Всего их было восемнадцать. Никто из них (кроме распространительницы религиозной литературы) не выкуривал за вечер меньше пачки сигарет. Они писали сочинения на оборотной стороне разноформатных бланков своих фирм и контор; приступая к проверке вдохновенных творений, я сразу узнавал, кто где работает. Они писали кто карандашом, кто чернилами самого неожиданного цвета. Они не нумеровали и даже ленились складывать по порядку страницы, нередко хранившие жирные отпечатки еды. Однажды сочинение миссис Слейтер оказалось плотно слипшимся — сын нечаянно пролил клей. Однажды склеенным оказалось сочинение мистера Верца, «гренландской акулы»; чем именно, доподлинно выяснить не удалось; по-видимому, спермой сочинителя.
Обсуждая тексты своих товарищей, мои новые ученики напрочь отметали безуспешно внушаемые преподавателем понятия о композиции, внутренней логике или правде характера. Этот тип мне нравится. А мне не нравится. Такого рода дебаты невозможно было остановить. Их участники не желали обращать внимания на художественные приемы, воспринимая персонаж с его усами, или хромотой, или южным акцентом как живого человека, соседа по дому.
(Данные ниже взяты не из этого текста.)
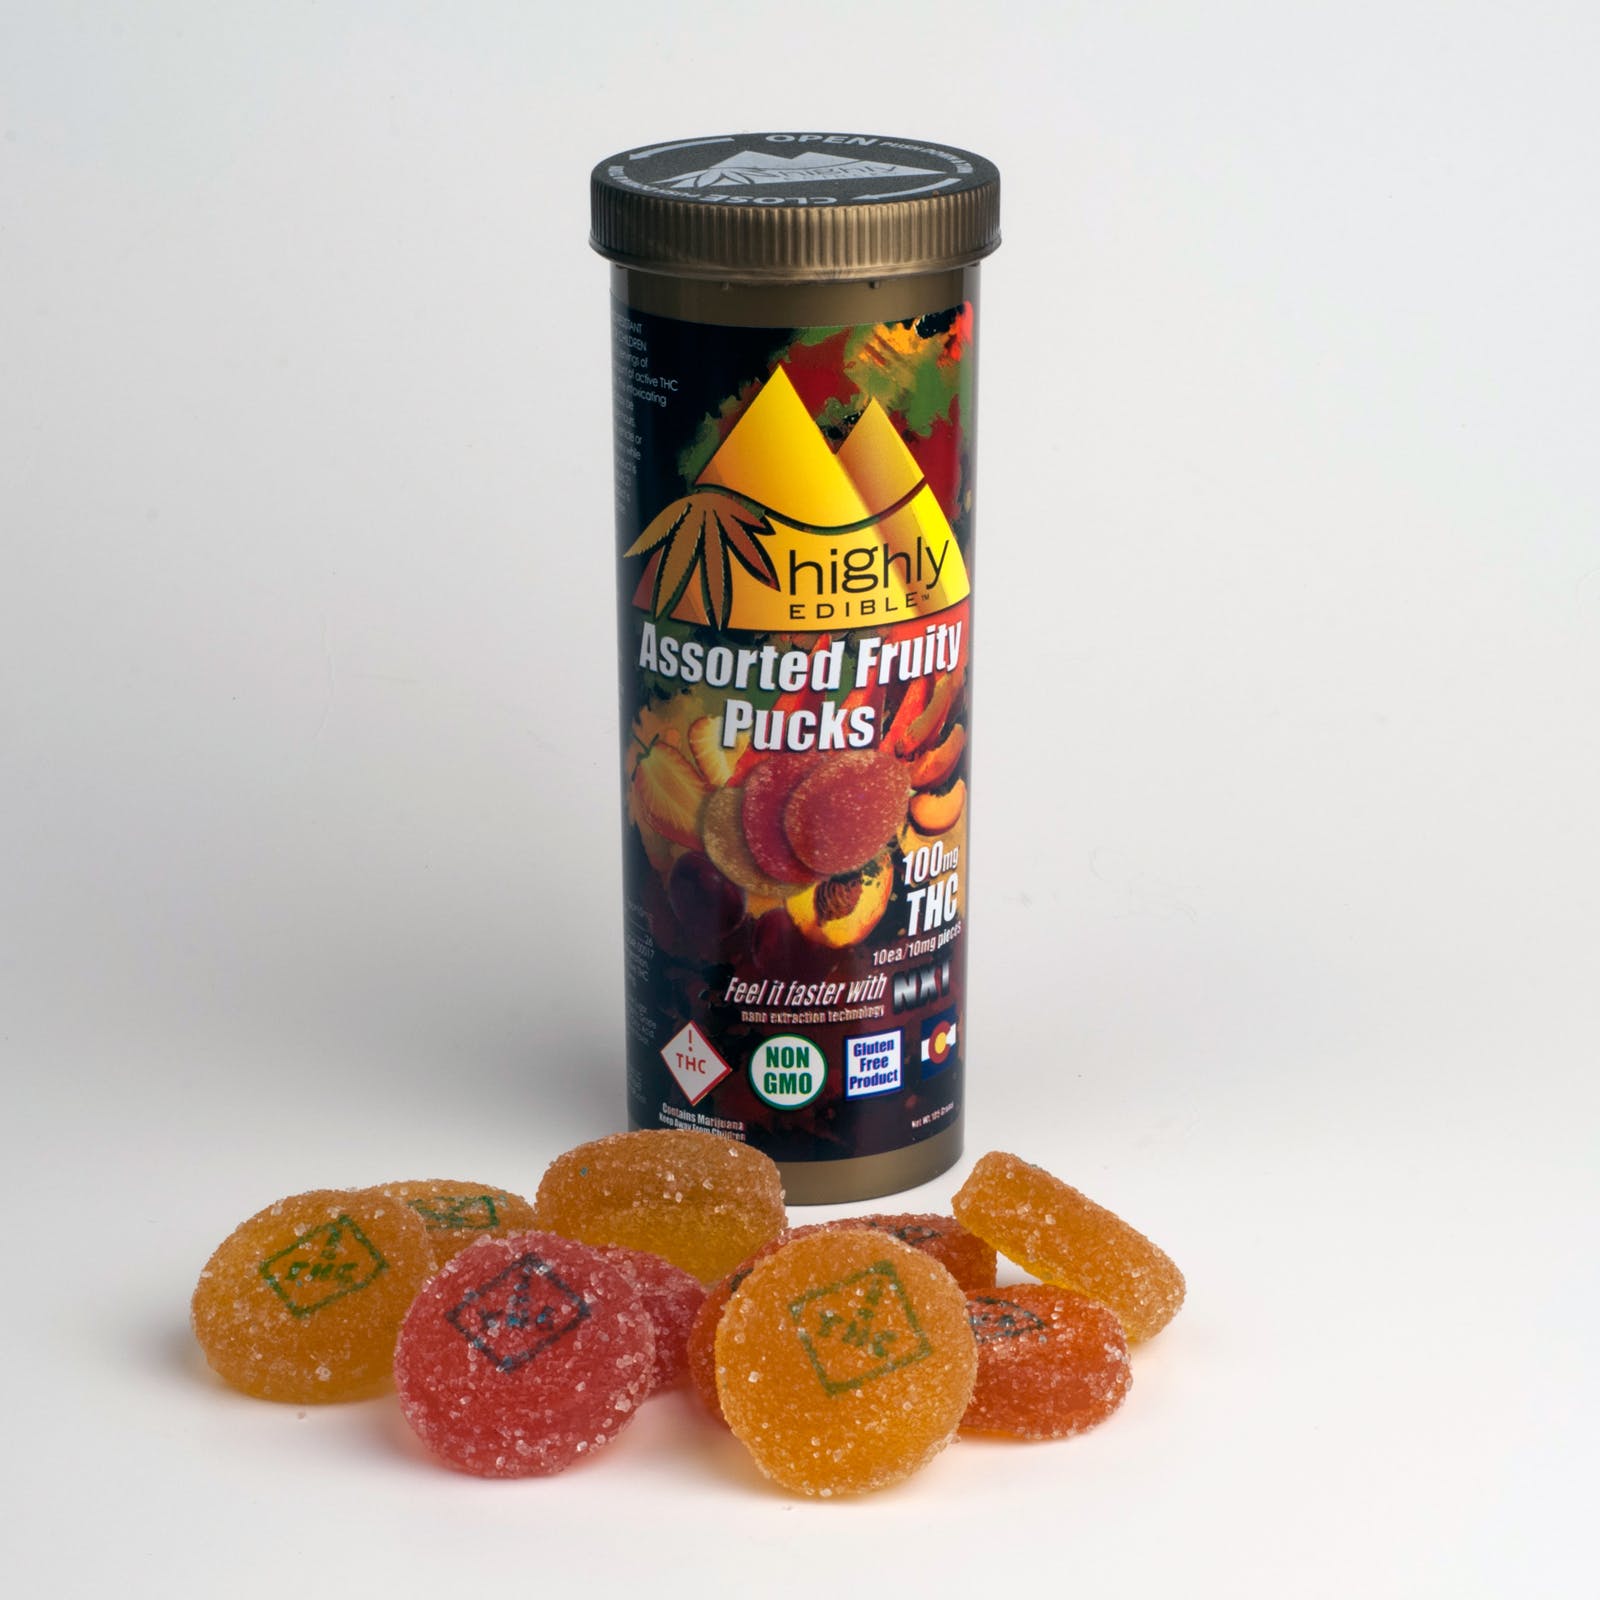 edible-highly-edible-gummies-250mg-assorted-fruit-pucks-tax-included
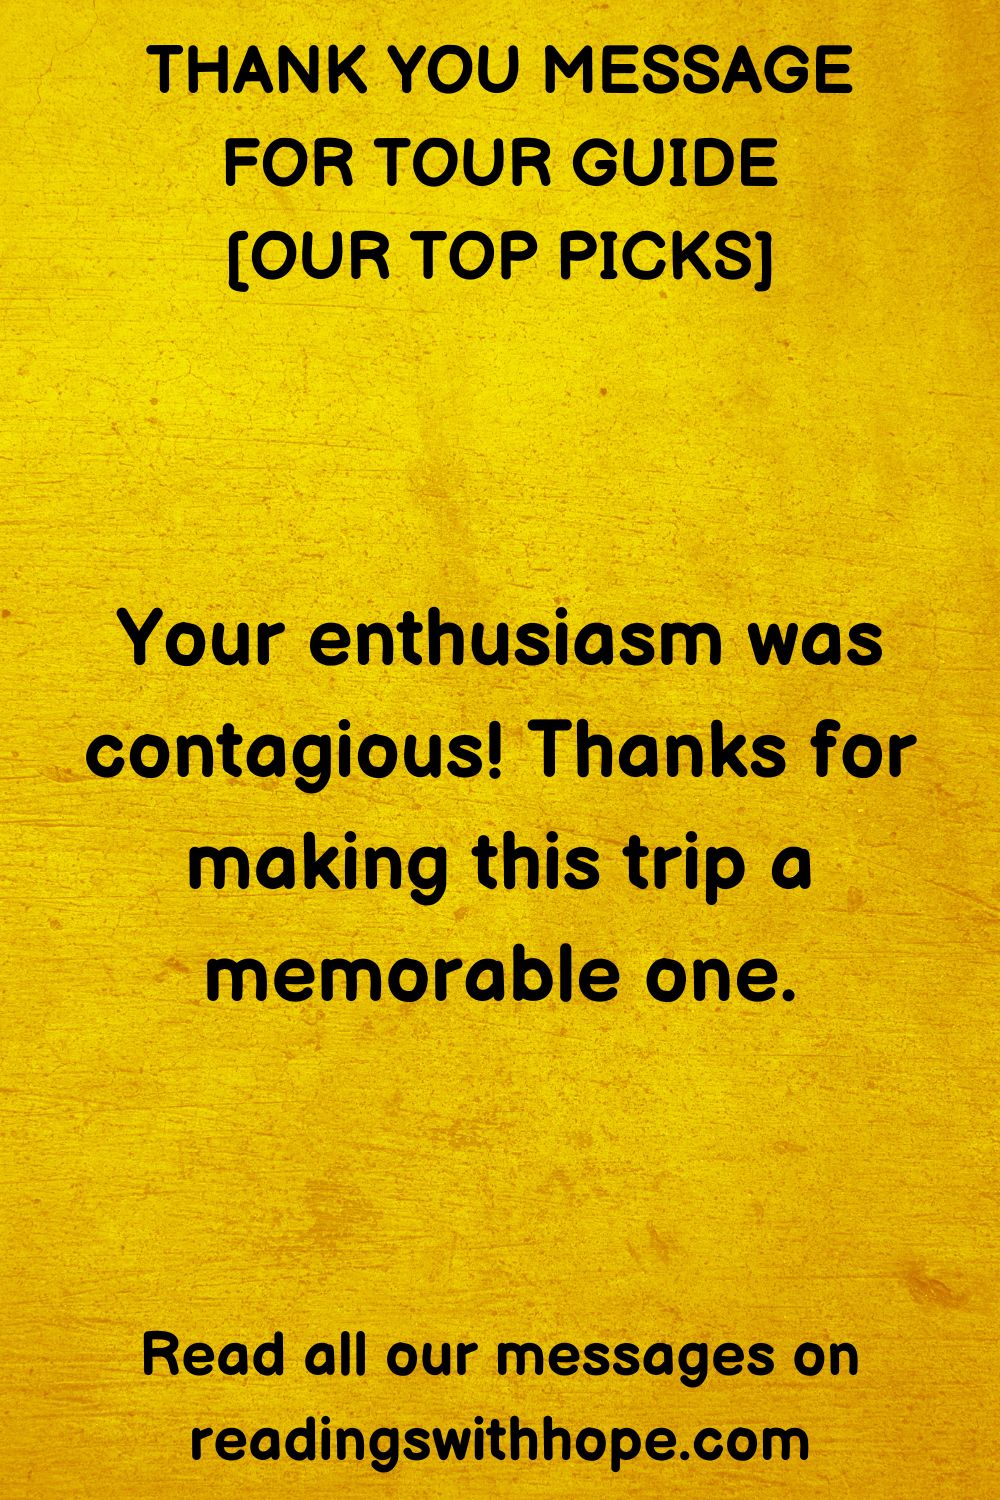 Thank You Message for Tour Guide 2

Это было не обсуждение, а осуждение (или оправдание). Здесь решали не проблему, а судьбу. Суд не литературный, но Страшный. Того отправим в ад, того причислим к лику святых. Чем меньше находилось оснований для серьезного разбора, тем громче и азартнее становилась полемика, выходя порой за временные и пространственные границы занятий, вообще за всякие границы. Мой явный интерес к сочинениям Лидии, простым, бесхитростным и даже аскетичным, приводил большую часть аудитории чуть ли не в ярость. Читая ее работы вслух, я ощущал грозовую наэлектризованность атмосферы. Вот тетки аккуратно и мучительно долго раскладывают туалетные принадлежности: расчески, гребешки, шпильки, зубные щетки, блюдечки под стакан, жестянку с зубным порошком. «Тетя Хельда, слушая по радио проповедь пастора Колина на стадионе Бриггс, где собралось двадцать прихожан, полоскала горло с таким энтузиазмом, словно собиралась выступить с речью сразу вслед за знаменитым священнослужителем». Казалось бы, ничего особенного. Мои похвалы стилистическому совершенству и эстетической значимости подобных строк были, конечно, несколько преувеличенными, но на фоне писаний остальных моих подопечных отрывки из сочинений миссис Кеттерер выглядили как фрагменты из «Менсфилдского парка»[61].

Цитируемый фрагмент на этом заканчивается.